PROVIDED RECORDS ->
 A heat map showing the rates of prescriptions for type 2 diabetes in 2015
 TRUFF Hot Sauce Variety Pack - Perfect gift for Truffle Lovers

==

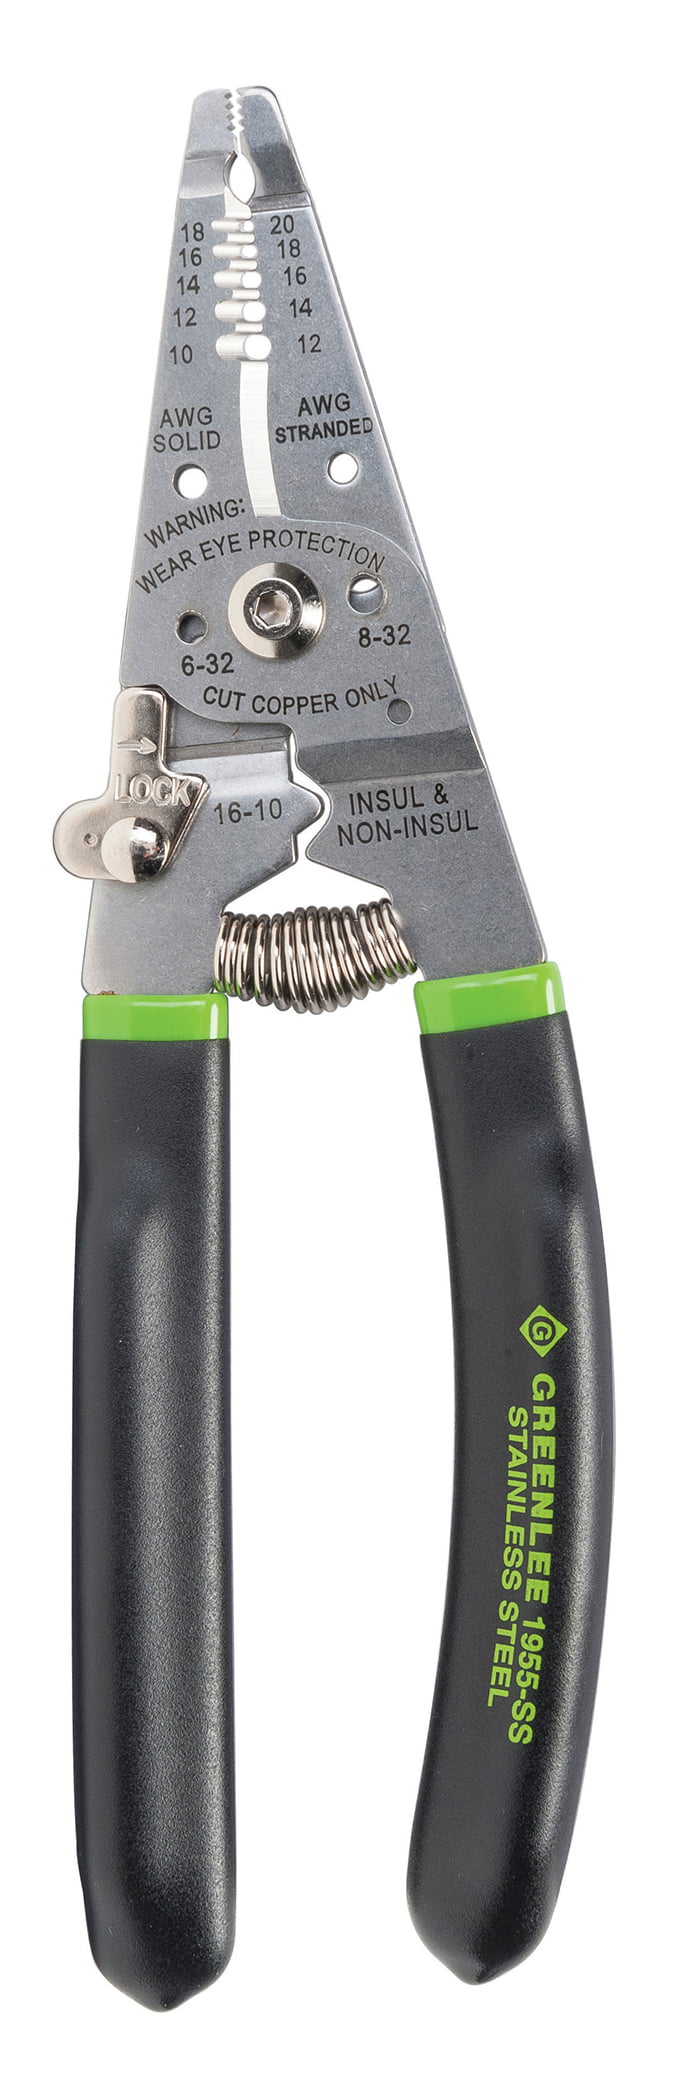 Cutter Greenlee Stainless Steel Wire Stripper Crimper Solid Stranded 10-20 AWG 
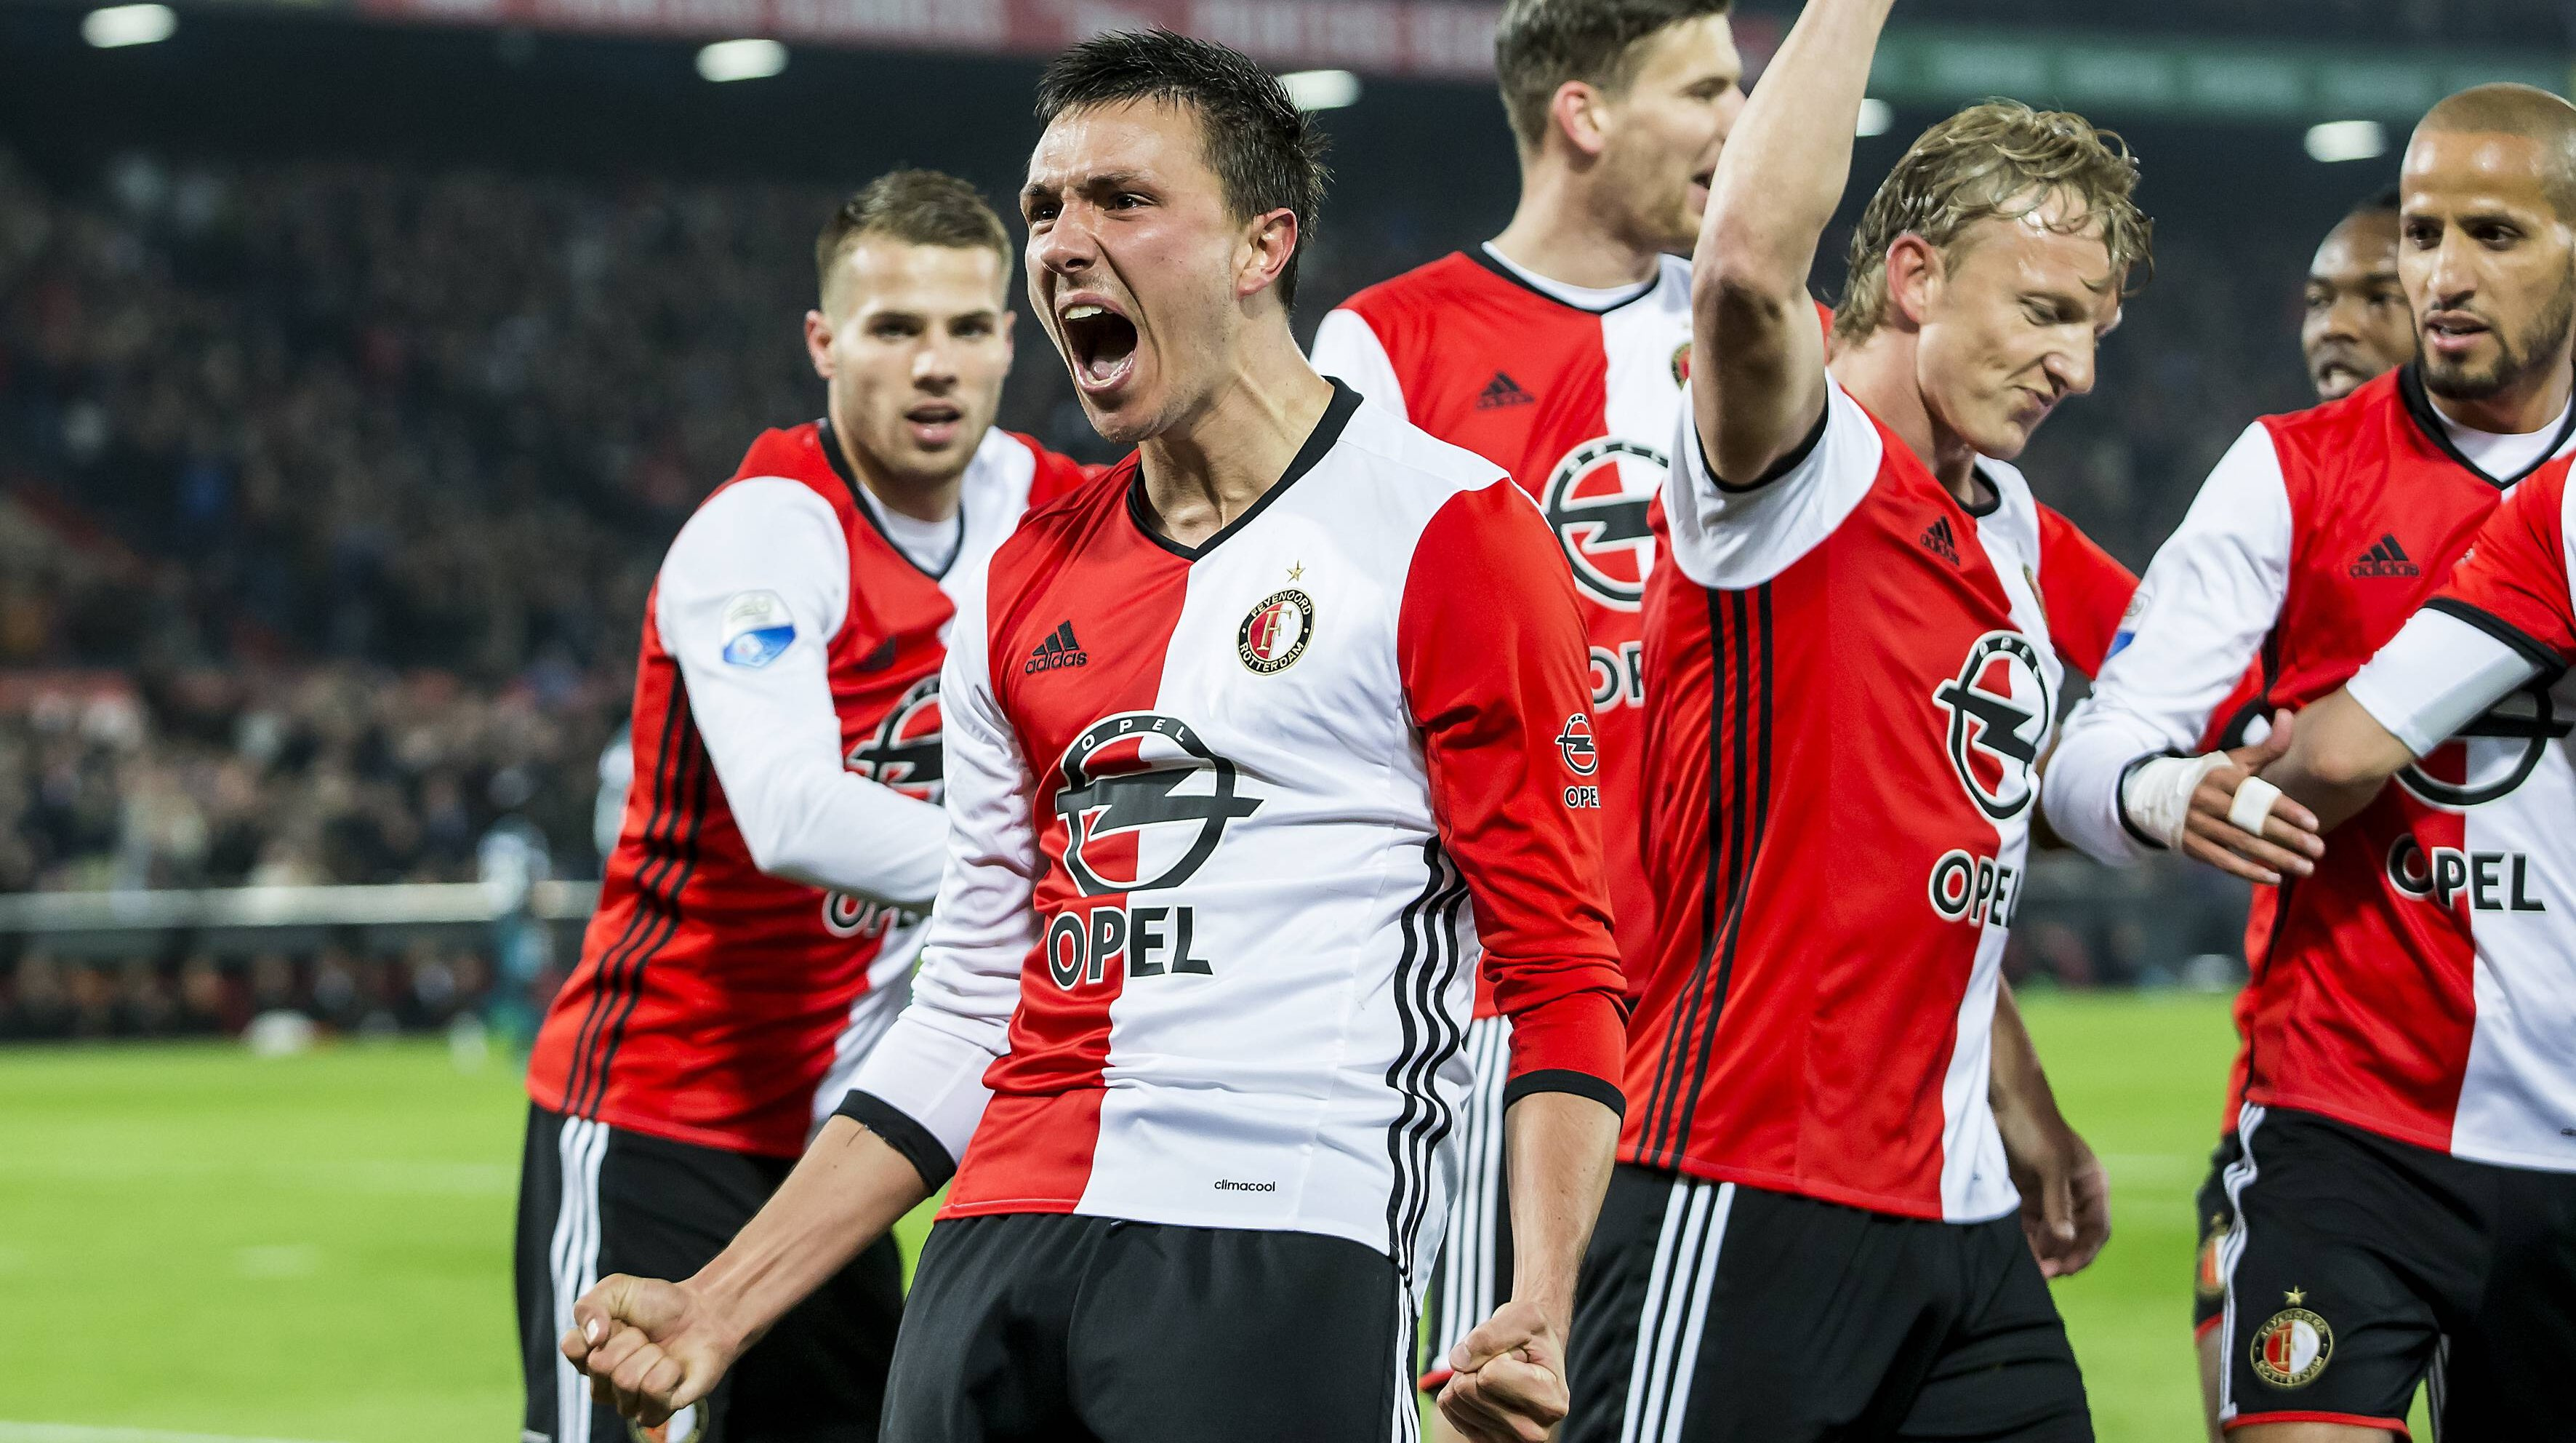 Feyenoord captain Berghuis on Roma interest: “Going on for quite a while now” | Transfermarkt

...

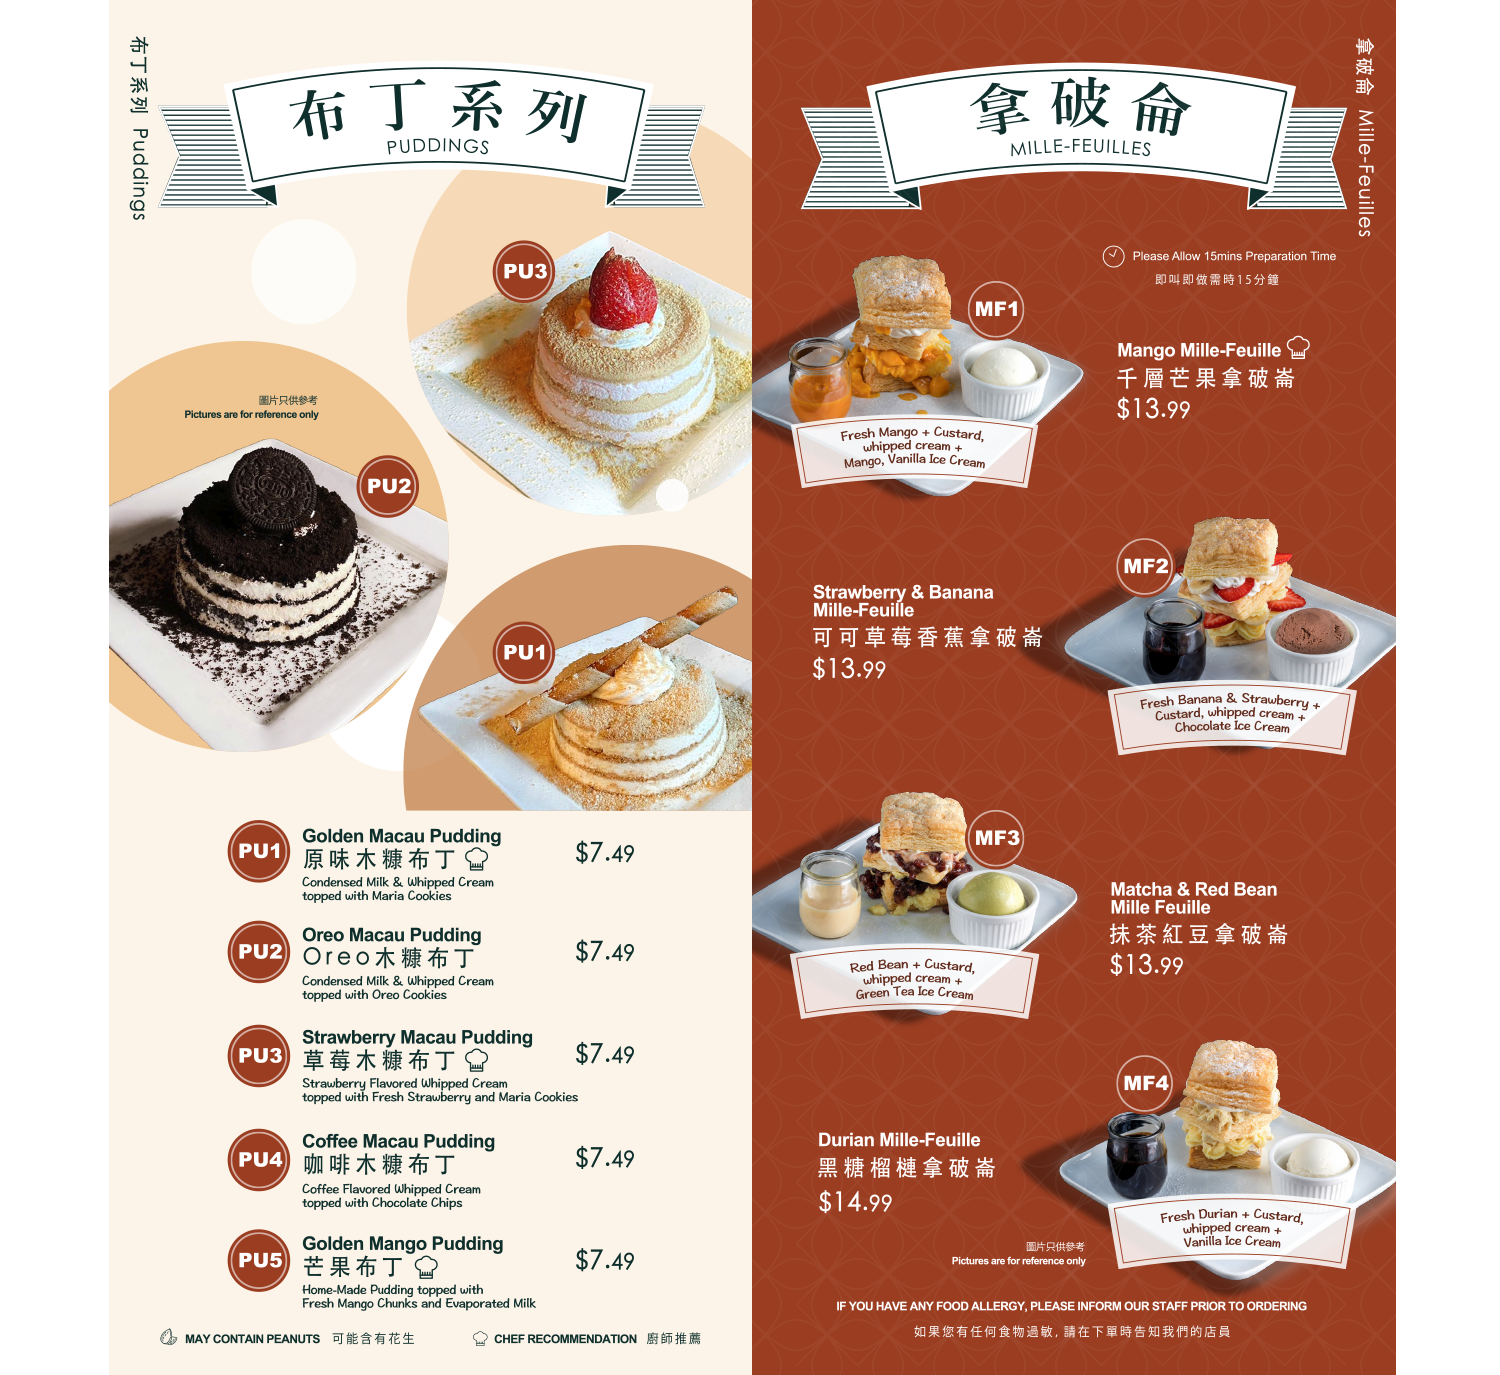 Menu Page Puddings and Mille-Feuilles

EXERCISE REQUIREMENTS -> From the listing above, output exactly the run of lines that starts with the line containing "A heat map showing" and ends with the line containing "TRUFF Hot Sauce".

EXERCISE SOLUTION ->
 A heat map showing the rates of prescriptions for type 2 diabetes in 2015
 TRUFF Hot Sauce Variety Pack - Perfect gift for Truffle Lovers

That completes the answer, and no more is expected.